Was sehen wir – und was bleibt unserem Blick verborgen? Mit der Ausstellung „Veiled Worlds – Verschleierte Welten“ widmen sich die Künstlerinnen Chayenne Freitag, Nardin Moadel und Annelene Warnecke den Grenzen von Wahrnehmung, Realität und Imagination. Inspiriert von künstlerischen Strömungen wie Symbolismus und Surrealismus entstehen Werke, die den Blick auf verborgene Strukturen lenken und den Übergang zwischen Sichtbarkeit und Verhüllung ausloten.
Die Ausstellung ist Teil einer Ausstellungsreihe, die sich mit zeitgenössischen Strategien der Reflexion und Wahrnehmung auseinandersetzt. Unterschiedliche künstlerische Ansätze treffen aufeinander und eröffnen Räume für Assoziationen, Fragen und neue Perspektiven.
Drei Positionen – ein gemeinsames Thema
Chayenne Freitag – Known Ground
Mit ihrer installativen fotografischen Arbeit Known Ground verwandelt Chayenne Freitag den Ausstellungsraum in einen atmosphärischen Erfahrungsraum. Ausgangspunkt ist das Motiv des Waldes, das sie in vielschichtigen Bildkompositionen zwischen Wirklichkeit und Fiktion inszeniert. Die Fotografien entziehen sich einer eindeutigen Lesart – sie wirken zugleich vertraut und fremd, weder eindeutig Tag noch Nacht. So hinterfragt Chayenne Freitag die vermeintliche Objektivität des fotografischen Bildes und lädt dazu ein, den eigenen Blick immer wieder neu zwischen Realität, Konstruktion und Imagination zu verorten.
Nardin Moadel – Schattenfeld 01–06
Die Reihe Schattenfeld 01–06 verbindet Malerei, Material und räumliche Wahrnehmung zu ausdrucksstarken Mixed-Media-Arbeiten. Farben, Strukturen und unterschiedliche Oberflächen überlagern sich zu vielschichtigen Bildräumen, die je nach Standpunkt neue Eindrücke entstehen lassen. Geprägt von ihrer Ausbildung im Objektdesign und Bühnenbild entwickelt Nardin Moadel Arbeiten, in denen Sichtbares und Verborgenes miteinander in Beziehung treten. Es entstehen Kompositionen, die zum genauen Hinsehen einladen und den Dialog zwischen Materialität, Licht und Raum erfahrbar machen.
Annelene Warnecke – Residual
Annelene Warnecke kombiniert Cyanotypien, fotografische Überlagerungen und Wassertransfer-Techniken zu experimentellen Bildwelten.
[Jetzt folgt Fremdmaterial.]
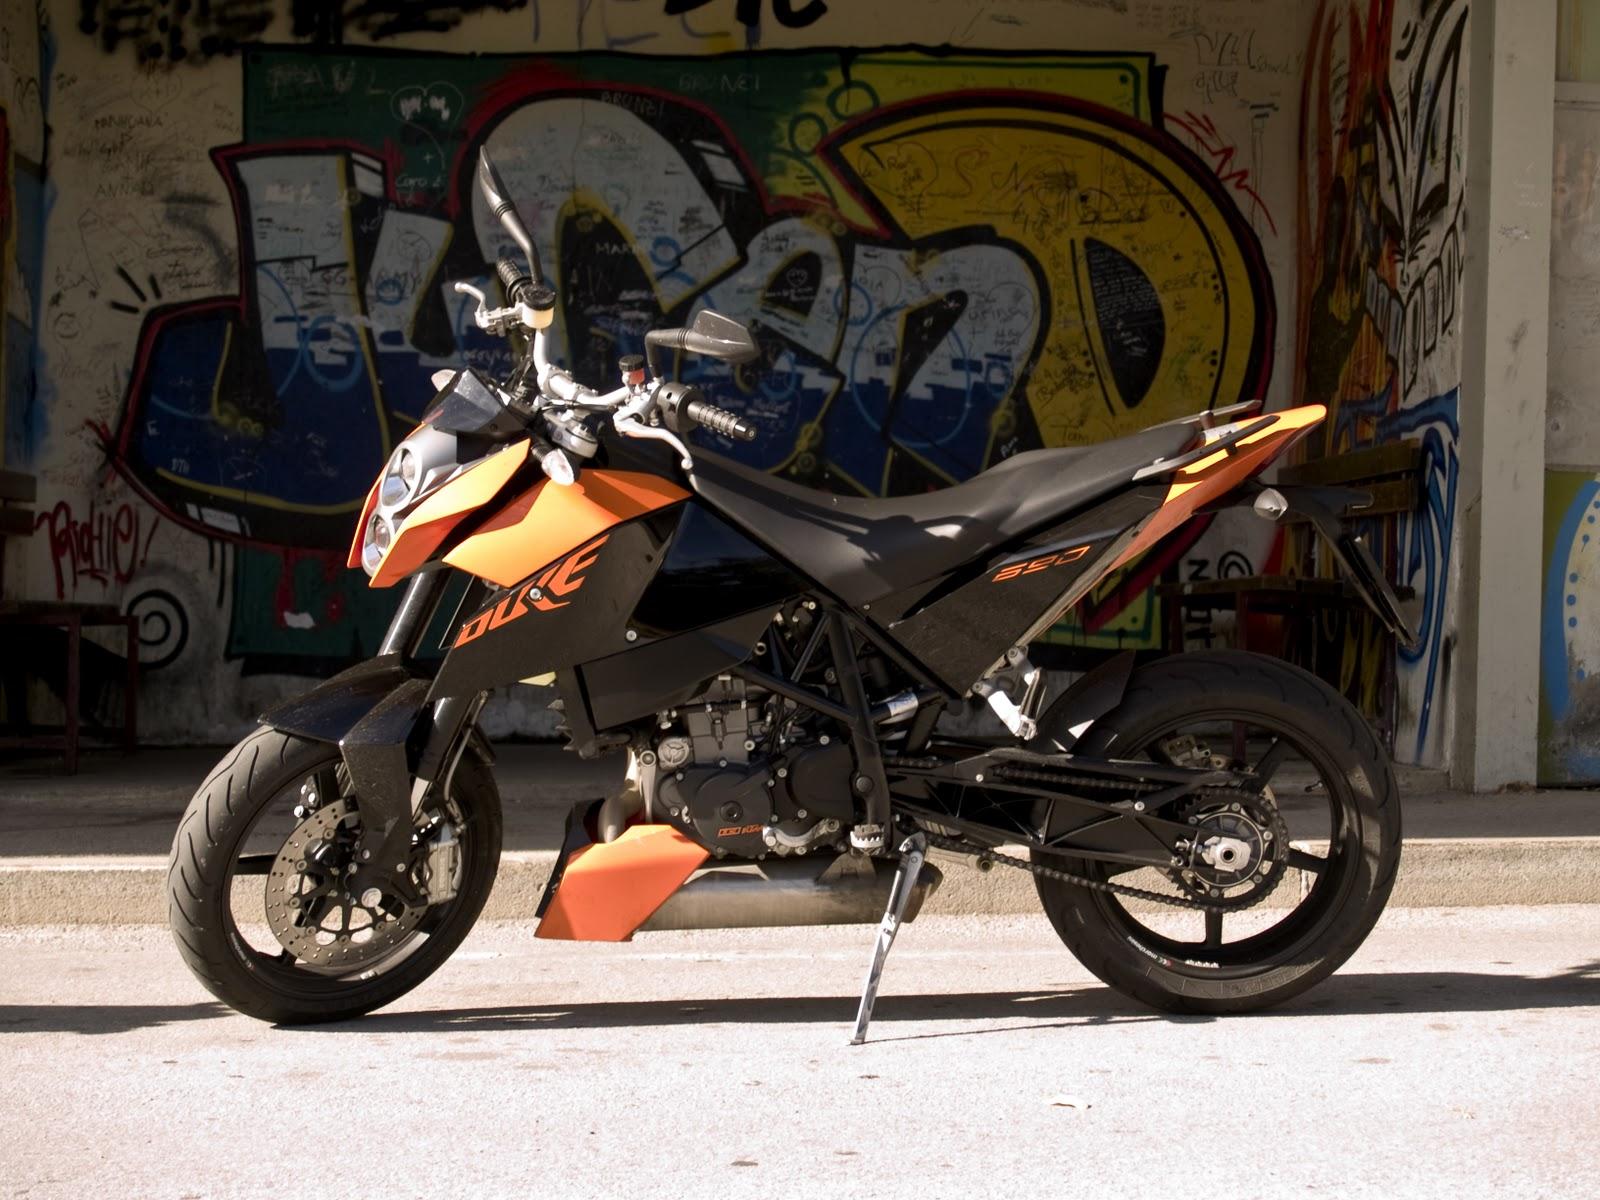 http://4.bp.blogspot.com/_QEKFOK_r_p4/TUAqIqPUxvI/AAAAAAAABQE/Cg-uWN7yXI4/s1600/Ktm-690-duke-%2528duke3%2529-lc4-2008+motorcycle+motormodi-blogspot-com.jpg

Pflanzen und Landschaften bilden den Ausgangspunkt, werden jedoch durch Überlagerungen und Fragmentierungen in neue Zusammenhänge gesetzt. Im Mittelpunkt steht die Frage, wie Bilder Bedeutung erzeugen und weshalb manche Motive unsere Aufmerksamkeit fesseln, während andere unbeachtet bleiben. Ihre Arbeiten eröffnen einen sensiblen Blick auf verborgene Realitäten und die Mechanismen des Sehens und Bewertens.
Preview und Matinée
Den Auftakt bildet die Preview am Samstag, 4. Juli 2026, von 15 bis 20 Uhr im Rahmen der Offenen Ateliers Dortmund. Besucherinnen und Besucher sind eingeladen, die Ausstellung bereits vor der offiziellen Laufzeit zu entdecken, mit den Künstlerinnen ins Gespräch zu kommen und Einblicke in den Entstehungsprozess der Arbeiten zu erhalten.
Am Sonntag, 5. Juli 2026, um 11 Uhr findet eine Matinée mit Künstlerinnengespräch statt. Gemeinsam mit Dr. Markus Heber sprechen die Künstlerinnen über ihre Werke, ihre Arbeitsweisen und das gemeinsame Ausstellungskonzept. Im Anschluss kann die Ausstellung bis 18 Uhr im Rahmen der Offenen Ateliers besucht werden.
Parallel zu Veiled Worlds präsentieren Johannes Schriek und Claudia Quick im Obergeschoss des Atelierhauses Arbeiten zum Thema „Shrouded Realities“.
Alle Infos auf einen Blick
Ausstellung: 4. Juli bis 3. August 2026
Preview: Samstag, 4. Juli 2026, 15 - 20 Uhr
Matinée mit Künstlerinnengespräch: Sonntag, 5. Juli 2026, 11 Uhr
Öffnungszeiten:
4. Juli: 15 - 20 Uhr
5. Juli: 11 - 18 Uhr
anschließend montags und dienstags 12 - 14 Uhr sowie sonntags 11 - 13 Uhr
Ort:
Kunstort Ruhr
Humboldtstraße 47
44137 Dortmund
Der different e.V. unterstützt die Vorbereitung und Durchführung der Ausstellung. Die Ausstellung sowie der different e.V. werden vom Kulturbüro der Stadt Dortmund gefördert.